Reproductive Medicine & IVF

Counseling Trans Men on Fertility Preservation Options

The decision to pursue fertility preservation can be an importantone for transgender men. Here's how to put patient comfort first when discussing these options.

The decision to pursue fertility preservation can be an important one for transgender, or trans, men (an umbrella term for those who were assigned female at birth but who identify as male or masculine). Physicians who see transmasculine patients, including nonbinary people, shouldn't assume that the transition process means that this population is forgoing parenthood. Getting up to speed on transgender fertility needs can help clinicians inform young people about their family planning options.

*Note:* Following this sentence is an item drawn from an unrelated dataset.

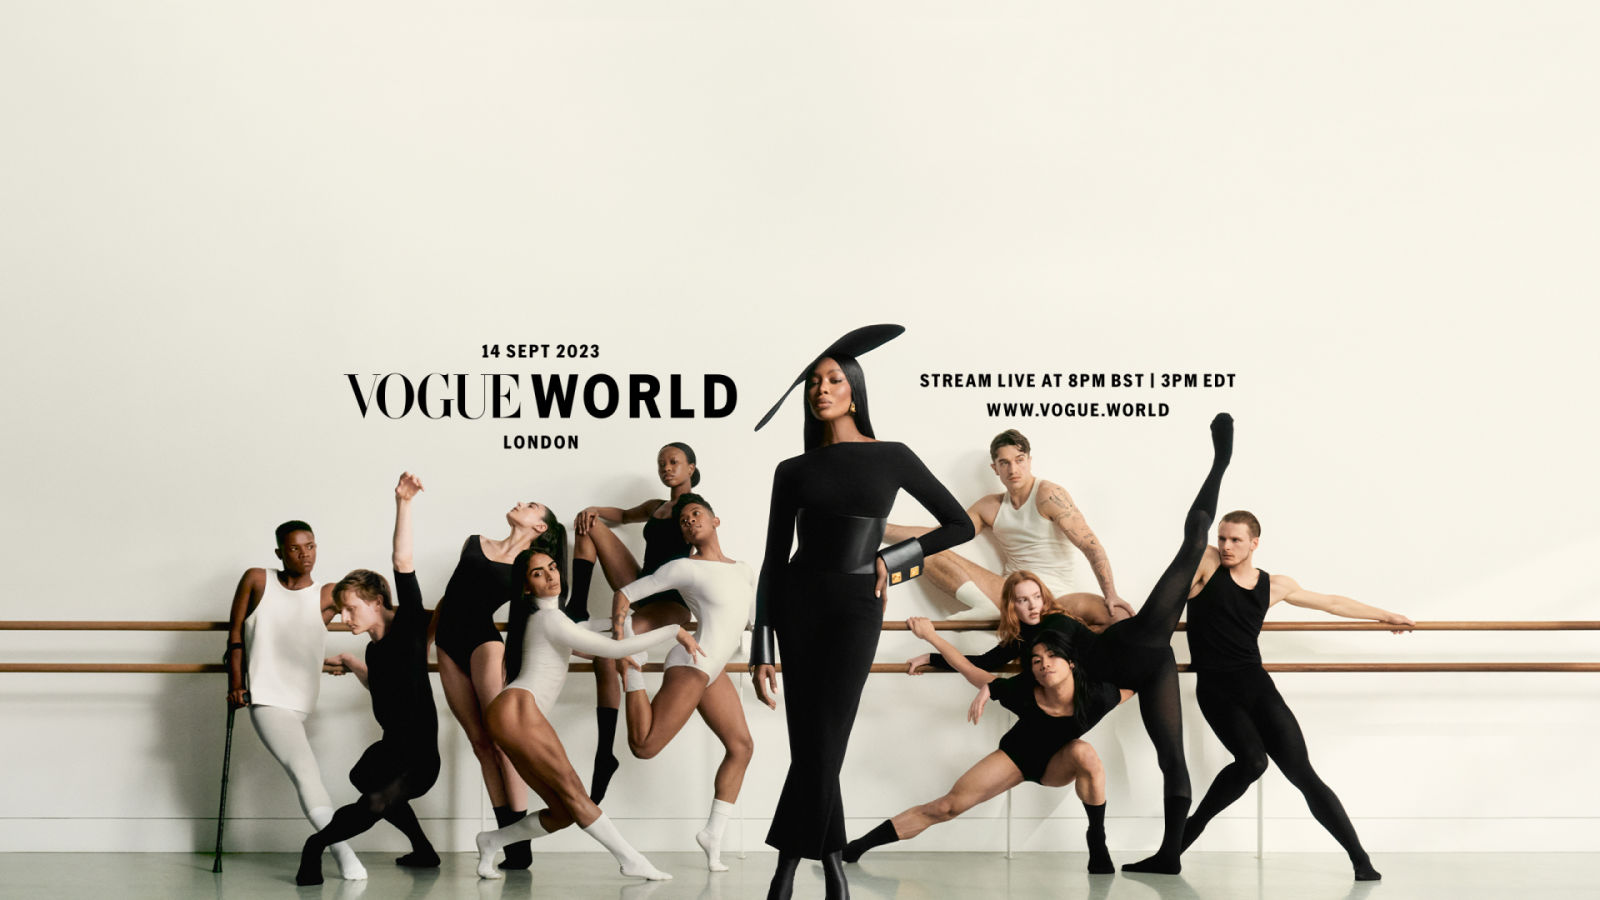 Rewatch | The Vogue World: London livestream

Understanding Transgender Fertility

The gender journey is different for everyone: Some transmasculine people may transition socially by changing their name and outward presentation. Others may take hormones to change their physical characteristics, which can result in the growth of facial and body hair, increased muscle mass and a deeper voice. Some choose to undergo surgical procedures to align their body with their gender identity, including chest reconstruction (commonly known as top surgery), hysterectomy, vaginectomy (surgical removal of the vagina), metoidioplasty and phalloplasty (surgical formation of a penis).

These changes don't always affect fertility. Transmasculine patients who use testosterone typically stop ovulating and menstruating; however, the effect of long-term testosterone therapy on ovarian function remains unclear, and trans men can become pregnant. One study published in Obstetrics and Gynecology found that out of 41 participants who had given birth after transitioning, 61 percent had previously used testosterone. This highlights an important opportunity for physicians to counsel transmasculine patients who do not wish to become pregnant about their birth control options.

Exploring Options for Transgender Men's Fertility Preservation

At the same time, the conversation about transgender fertility is also crucial for patients who hope to conceive in the future. The World Professional Association for Transgender Health (WPATH) standards of care advise that physicians discuss fertility preservation methods with trans patients as part of the informed consent process.

Oocyte cryopreservation is one option for fertility preservation that allows trans men to preserve their eggs before undergoing hormone treatment or surgery. Eggs that were retrieved and frozen can later be used to establish a pregnancy in a patient's partner or gestational carrier.

Ovarian tissue cryopreservation, an increasingly common fertility preservation option for those undergoing cancer treatment, may also be viable for men and nonbinary people who wish to someday carry a pregnancy themselves. Transmasculine patients who have a uterus, ovaries and a vagina may become pregnant spontaneously or through IVF after discontinuing testosterone, although research on this matter is sparse. Ideally, fertility preservation should occur before a patient begins hormone therapy.

Ultrasound and Trans Patient Care: Sensitivity and Terminology

Ultrasound-guided oocyte retrieval and cryopreservation is a clinically established mode of fertility preservation in trans men, but its success does not preclude discomfort in some patients.

Even undergoing a routine transvaginal ultrasound exam can be traumatic for some trans patients. Although more research is needed, one small study in Human Reproduction found that the genital examinations and physical changes that can accompany fertility preservation can sometimes trigger gender dysphoria.

Gynecologists can help ease these feelings of discomfort and distress by using gender-neutral language ("gestational parent" instead of "mother"), nongendered names for body parts ("chest" instead of "breasts") and every patient's personally specified gender pronouns.

Since a "low level of healthcare provider awareness" was also a common experience for the Obstetrics and Gynecology study participants, clinicians should make an effort to expand their definition of who can carry a pregnancy and give birth, and to improve their knowledge of trans patients' unique care needs.

Some transmasculine patients may benefit from counseling and the support of family and friends while they are undergoing fertility preservation. Just as with any other patient, communication is key for gynecologists who wish to help trans men navigate their fertility options.